Leave the images aside and repeat the whole listing exactly.

** SUPPLIED DATA **
BEGIN

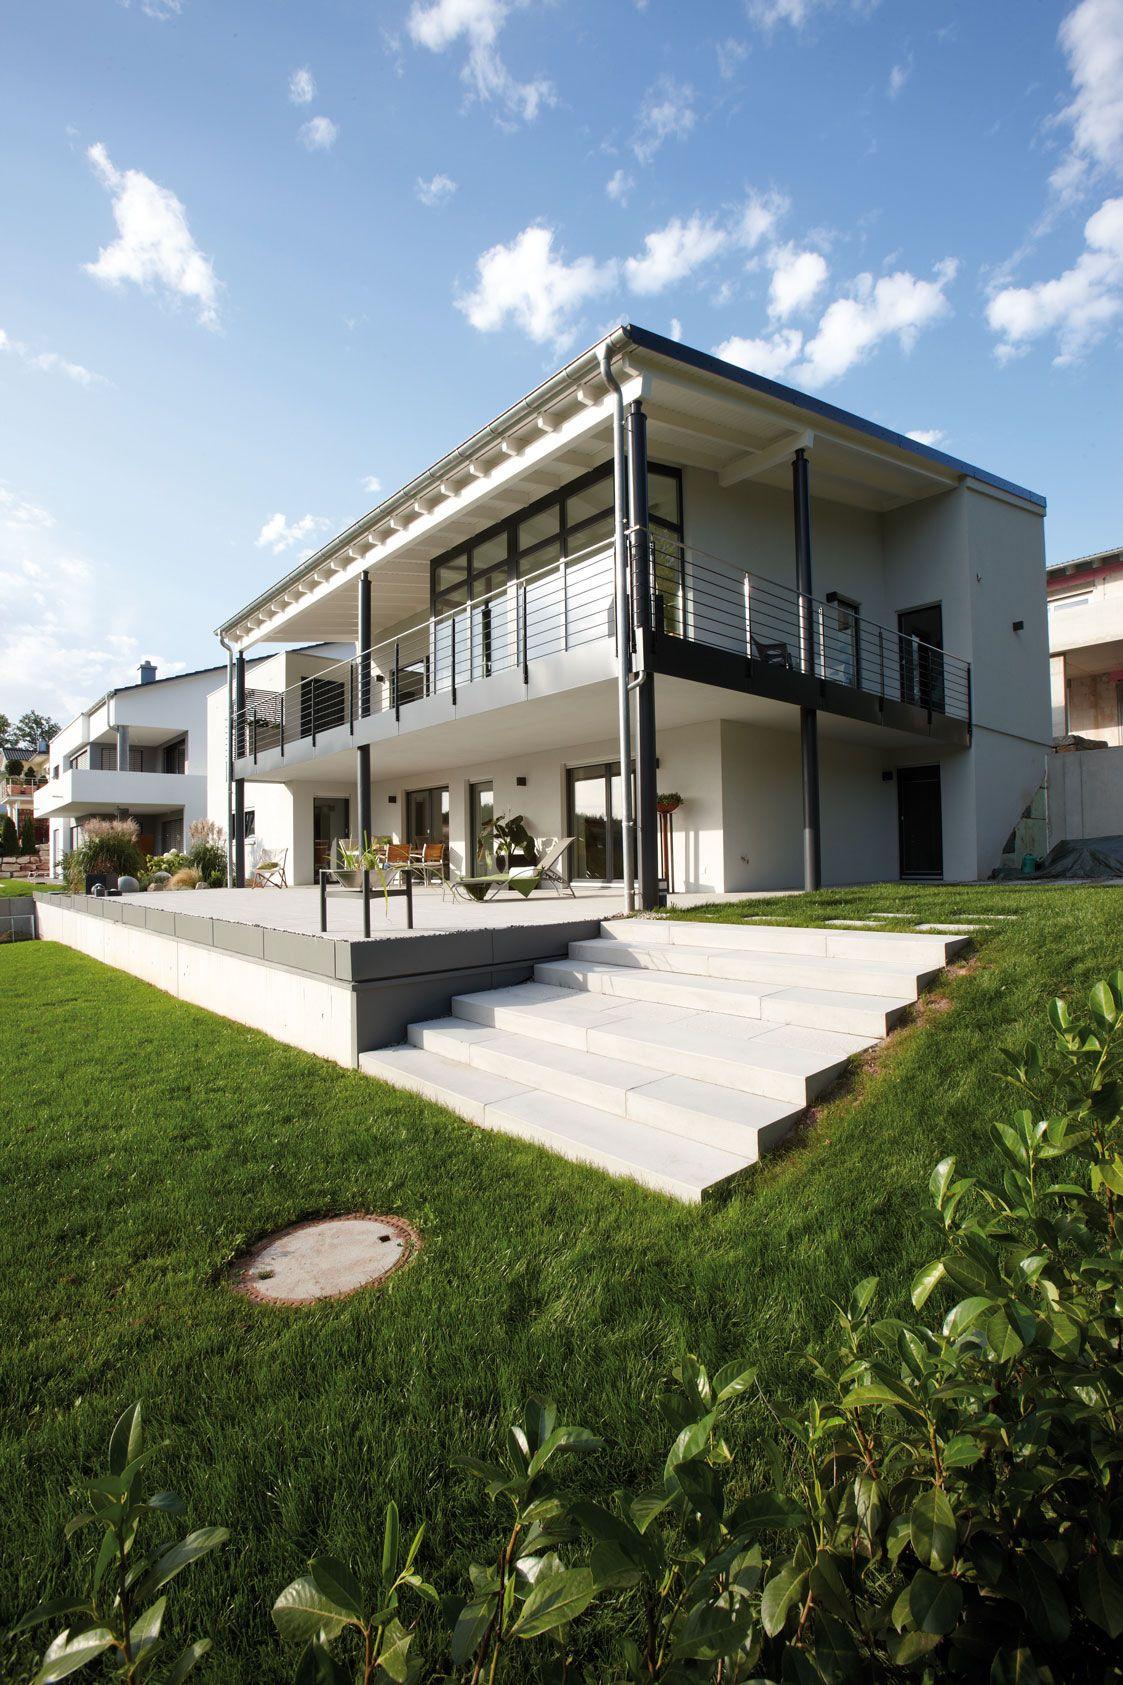 bien zenker oder fingerhaus ückansicht des Luxus Hanghauses von rechts  infamilienhaus ...
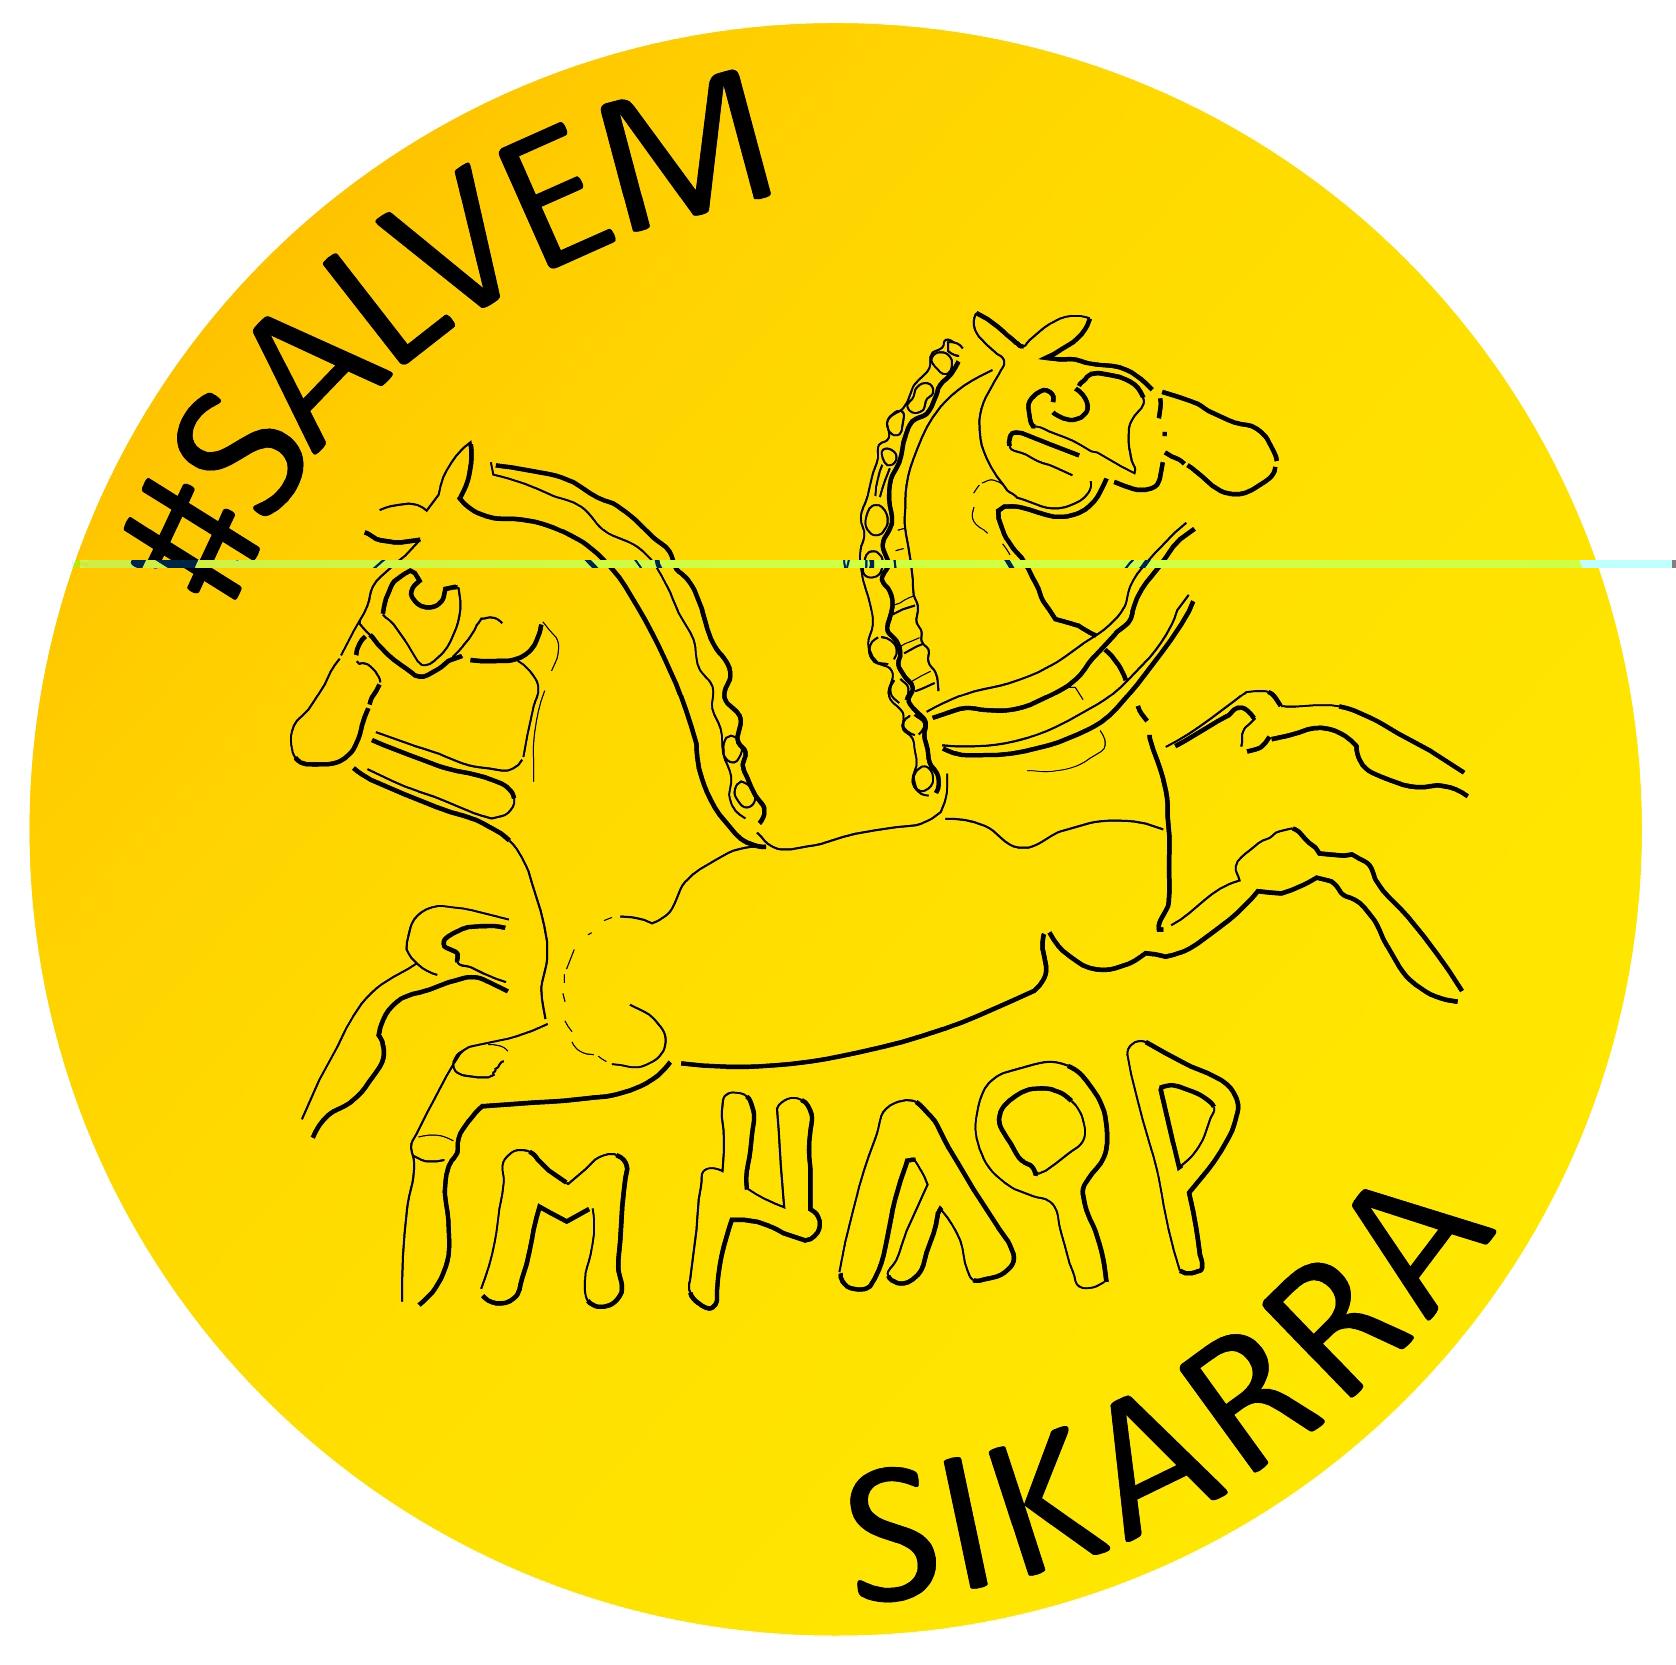 distintiu de la campanya #salvemSIKARRA -
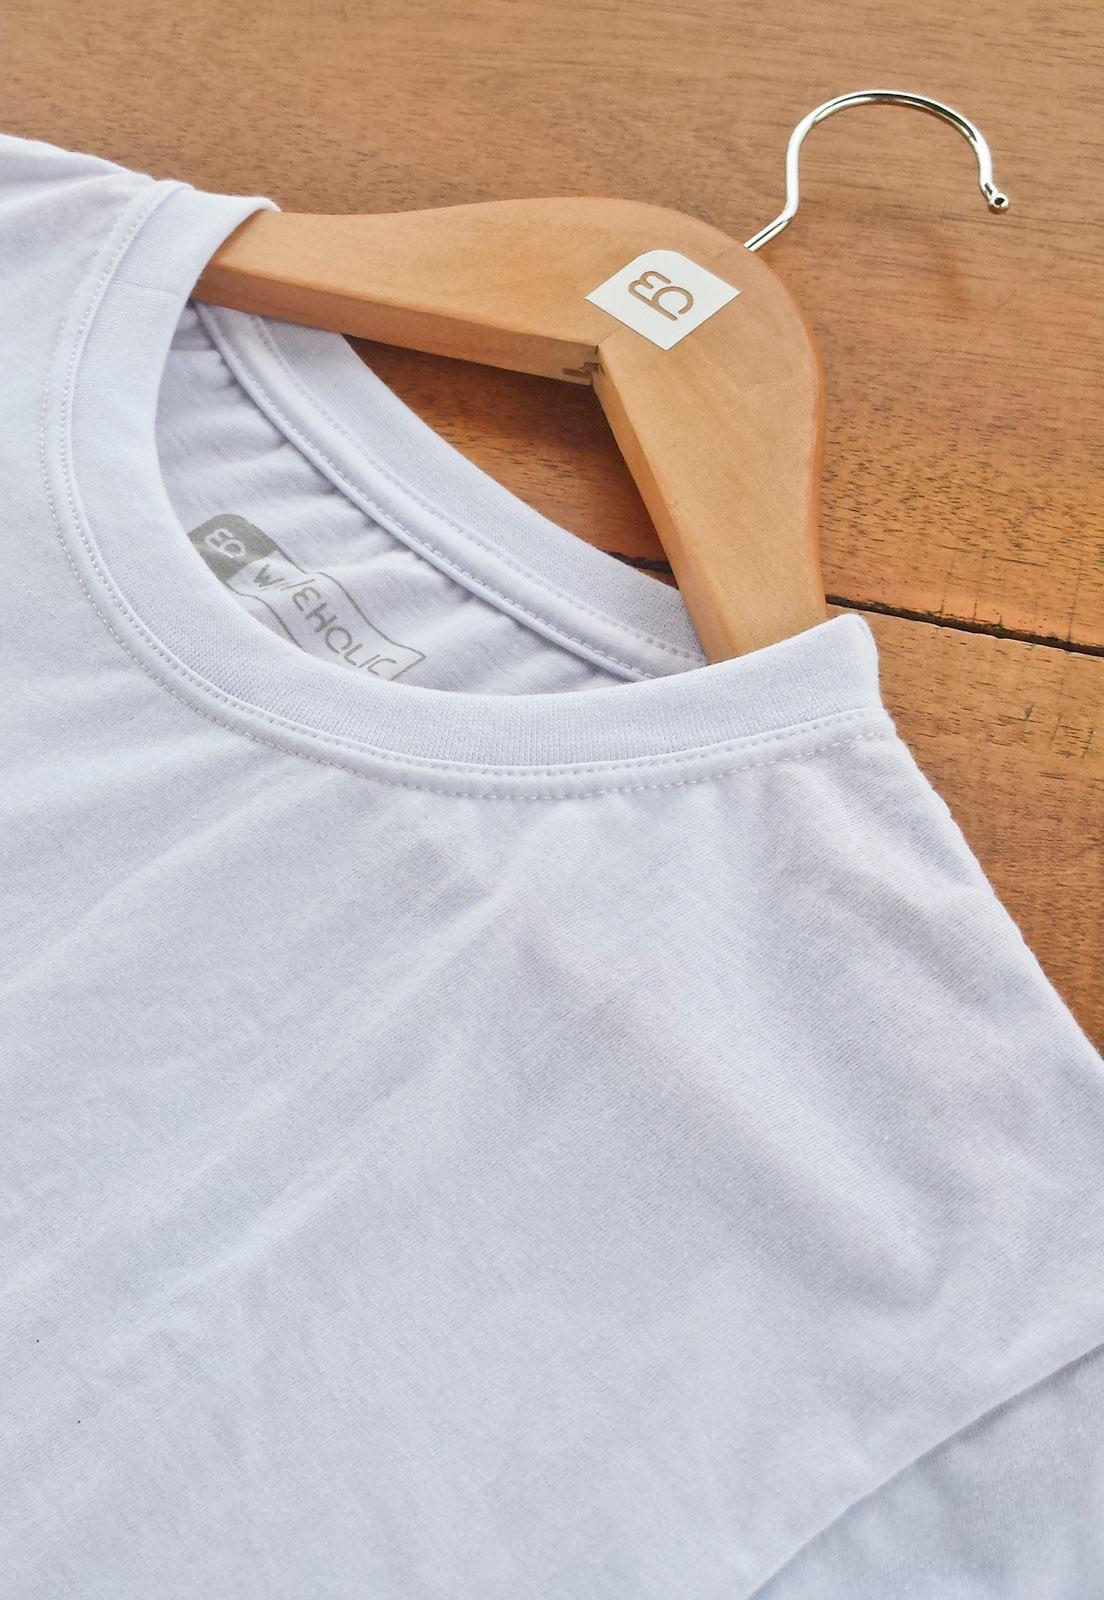 Camiseta estampada branca logo textura do mar

END

** SOLUTION FOR THIS EXERCISE **
 bien zenker oder fingerhaus ückansicht des Luxus Hanghauses von rechts  infamilienhaus ...
 distintiu de la campanya #salvemSIKARRA -
 Camiseta estampada branca logo textura do mar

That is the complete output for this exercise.